TCAI Logo-Squished for Insertion in Excel HeaderTracy Cross & Associates, Inc.

1st Quarter 2017

New production home sales in the ten-county Chicago region rose during the 1st Quarter 2017 to a level of 1,247 units distributed between 774 in the single family detached sector and 473 in the form of townhomes, duplexes and condominiums.  On a year-over-year basis, contract activity was up 20.1 percent overall with volumes in the market’s single family component increasing by 30.7 percent, while the attached sector moved up by 6.1 percent.

By area, sales in the suburbs totaled 1,119 units during the January-March timeframe, improving by 22.4 percent from the same period a year ago.  This upturn was largely due to the 100 contracts written by D.R. Horton at its large-scale Cambridge Lakes community in Pingree Grove, along with 68 sales recorded by Pulte Group in Naperville at its Atwater and Ashwood Pointe single family communities.  On a per-product-line basis, single family sales leaders for the quarter included Pulte’s Springs series at Atwater with 24 sales, followed by Pulte’s Timbers Edge development in Woodridge and D.R. Horton’s Horizon series at Cambridge Lakes with 21 and 20 sales, respectively.  Another 14 individual developments registered at least 12 sales during the quarter.

In the suburban townhome/duplex/condominium market, the Seaboard townhome series at Cambridge Lakes was the clear leader with 29 contracts for the three-month period, followed by CalAtlantic’s Tuscany Woods duplex project in Hampshire and CalAtlantic’s Prairie Pointe townhome community in South Elgin, each registering 15 sales for the quarter.

Unlike the suburban marketplace, sales in the city of Chicago were flat with just 128 sales recorded during the January-March 2017 period, representing a modest 3.2 percent increase from the same time period last year.  Among 37 developments actively selling new units, only four recorded 10 or more sales.  These included three high-rise condominium communities, i.e.

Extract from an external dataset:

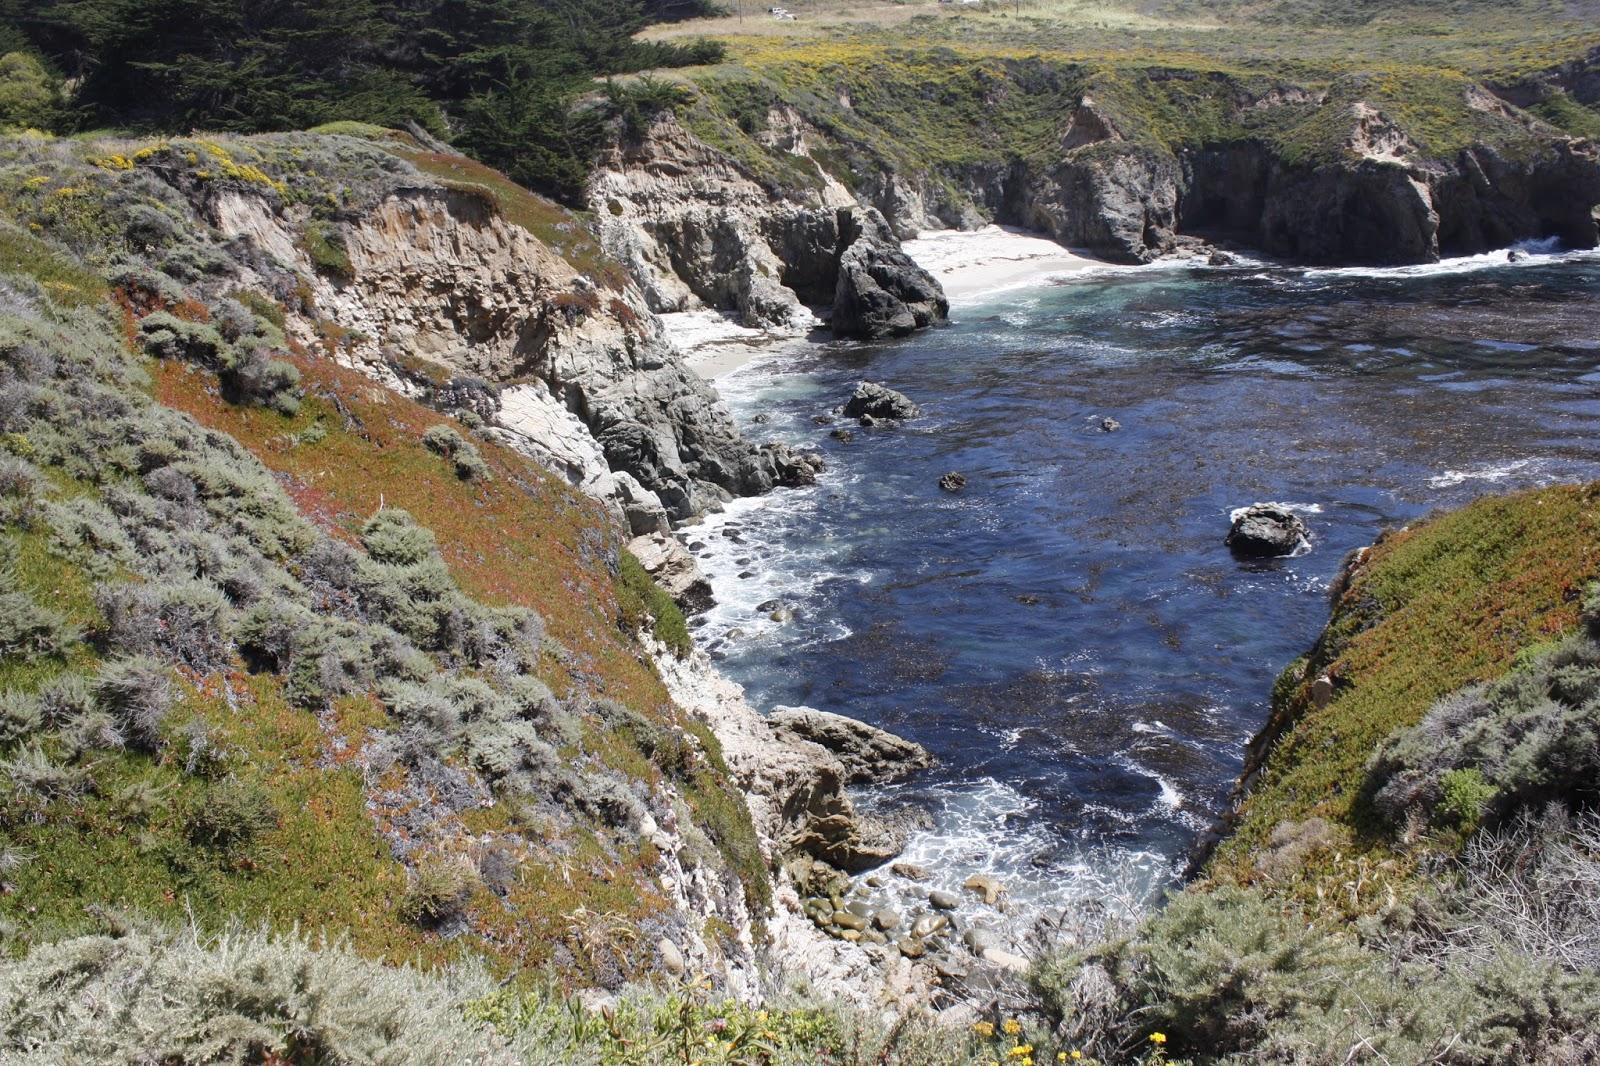 Dc scorpio blog ca sea otter state game refuge carmel ca for The refuge carmel

Illume in the Near West Side neighborhood, Vista-River and Park Residences in the Loop and Ritz-Carleton Residences in the Near North Side area, along with the Enclave townhome development in Logan Square.

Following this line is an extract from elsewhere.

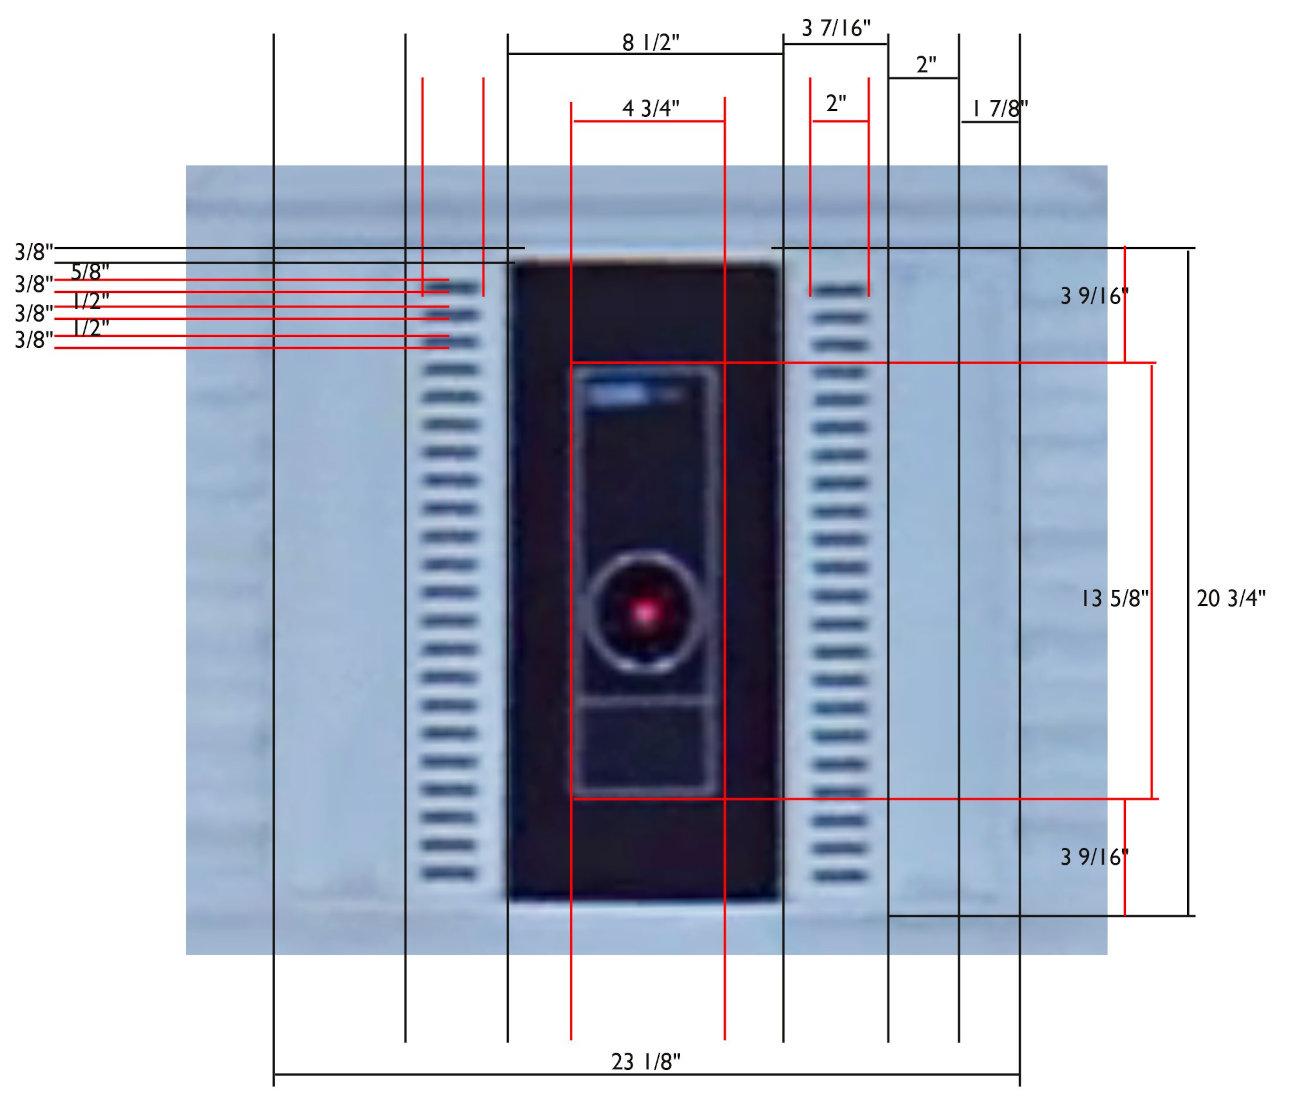 HAL-hallway-dimensions.jpg

On a seasonally adjusted annualized basis, new construction home sales region-wide totaled 4,419 during the January-March 2017 period representing an increase of 11.8 percent from the yearly pace of 3,953 registered during 2016’s final quarter and an increase of 8.3 percent from 2016’s total volume of 4,081.  From a longer term comparative perspective, however, the annual rate noted for the first quarter signals the 34th consecutive quarter that new home sales in the region failed to move past the 5,000-unit mark.  Equally troubling is the fact that the seasonally adjusted, annualized rate of 4,419 units recorded during the 1st Quarter 2017 was 72.2 percent below the region’s average annual sales pace of 15,903 recorded over the entire 1994-1st Quarter 2017 time line.  On a brighter note, since annual production sales volumes first dipped below the 5,000-unit mark in the 4th Quarter 2008, the 4,419 sales registered during the last three months (seasonally adjusted and annualized) represents the second highest volume since that time.

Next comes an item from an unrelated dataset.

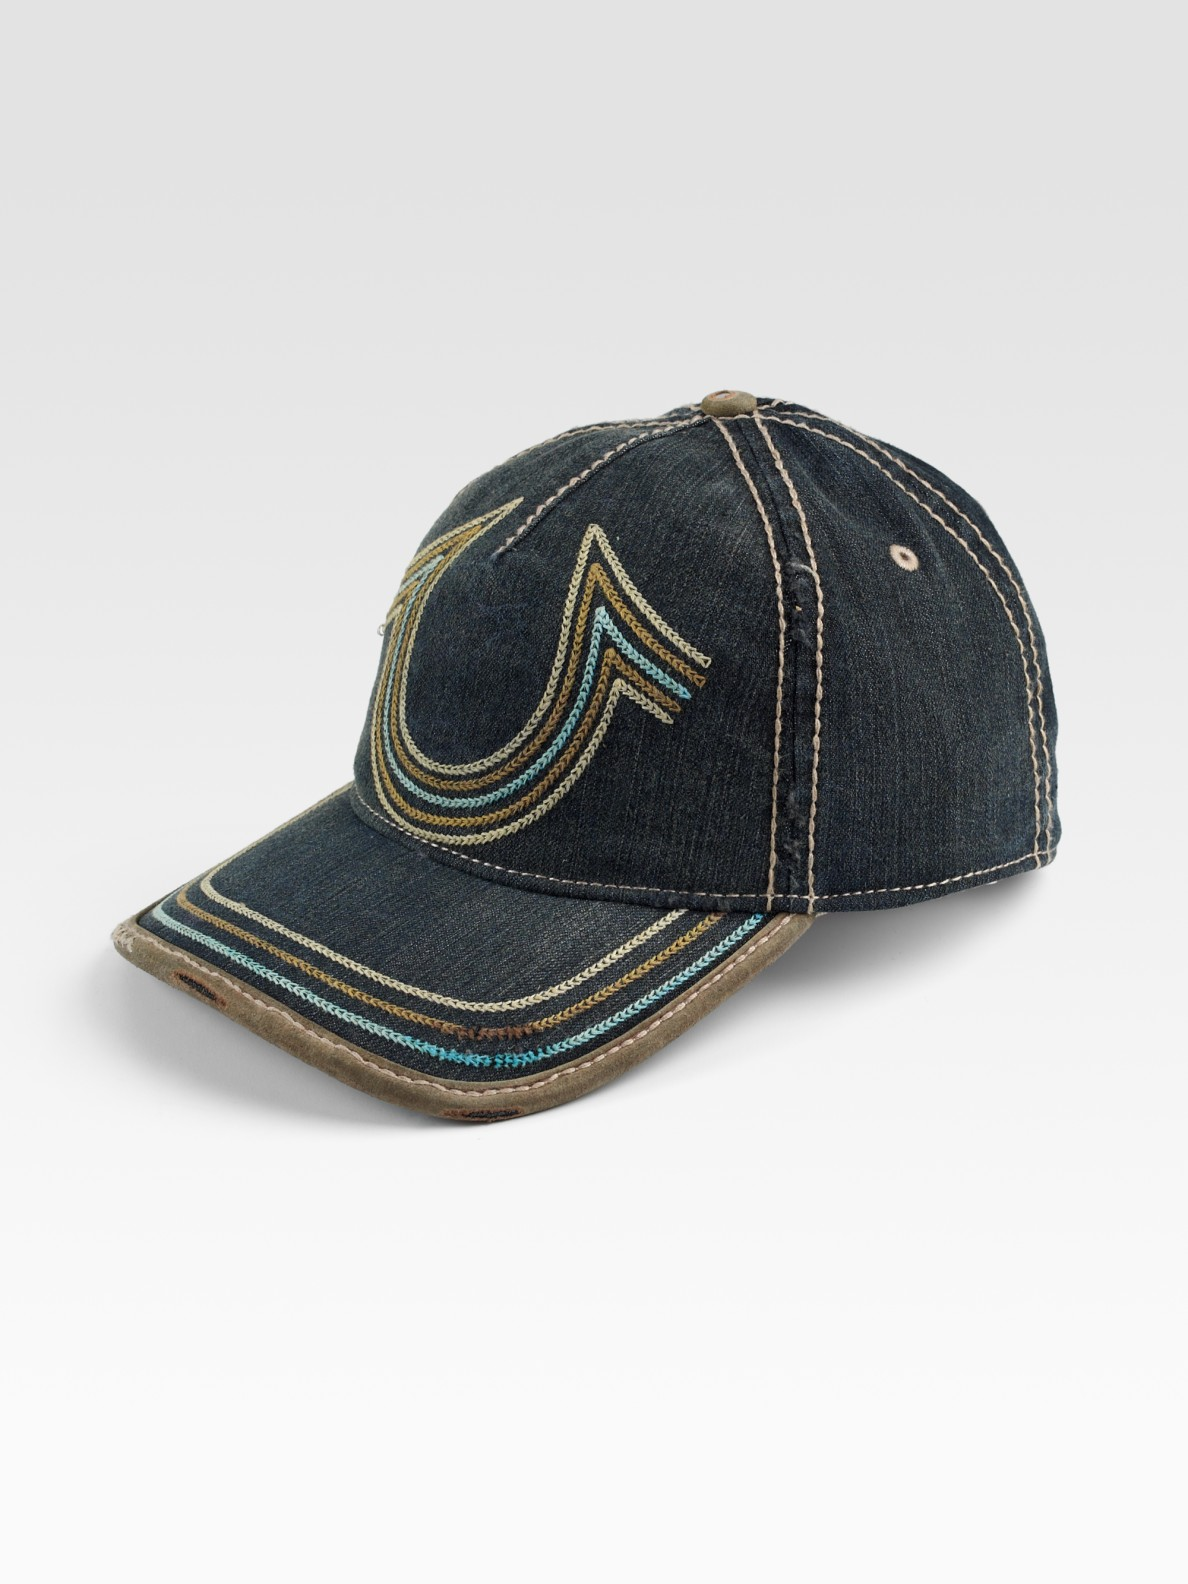 true religion horseshoe stitch baseball cap in gray for men black lyst. Black Bedroom Furniture Sets. Home Design Ideas

New construction sales activity over the past three months was concentrated in three suburban submarkets including the Southwestern DuPage County/Aurora/Kendall County area, the Northern Fox Valley, and the Southwestern Corridor.  Builders in each of these submarkets combined to sell 295, 236 and 177 sales, respectively.  Noted areas within these submarkets included Naperville, Aurora, Yorkville and Woodridge in the Southern DuPage County/Aurora/Kendall County submarket, Pingree Grove,  Elgin, South Elgin and Hampshire in the Northern Fox Valley, and Joliet, New Lenox and Lemont in the Southwestern Corridor.

D.R. Horton, CalAtlantic Homes, Pulte Group, M/I Homes and K. Hovnanian Homes each recorded 80 or more sales during the most recent January-March quarter.  By builder, D.R. Horton and CalAtlantic each posted 187 contract signings, followed by Pulte, M/I and the K. Hovnanian with respective volumes of 165, 117 and 83.

In suburban Chicago, price continues to drive sales, especially in the single family detached sector.  For instance, almost 60 percent of all single family contracts written during the 1st Quarter 2017 occurred at base price points between $200,000 and $399,999.  In the attached sector, 55 percent of all sales activity was concentrated at prices below $300,000 with another 20 percent occurring between $300,000 and $399,999.

A much different scenario exists in the city as most sales have been generated at the upper end of the market.  For example, among the 120 condominium and townhome sales recorded in Chicago during the January-March 2017 period, 72 percent occurred at price point of $750,000 and above, with more than 50 percent concentrated at $1 million and higher.  It is important to note that very few new construction condominium/townhome developments in the city offer prices in the lower ranges.  In fact, two-thirds of all active developments forward average offering prices above the $1,000,000 mark.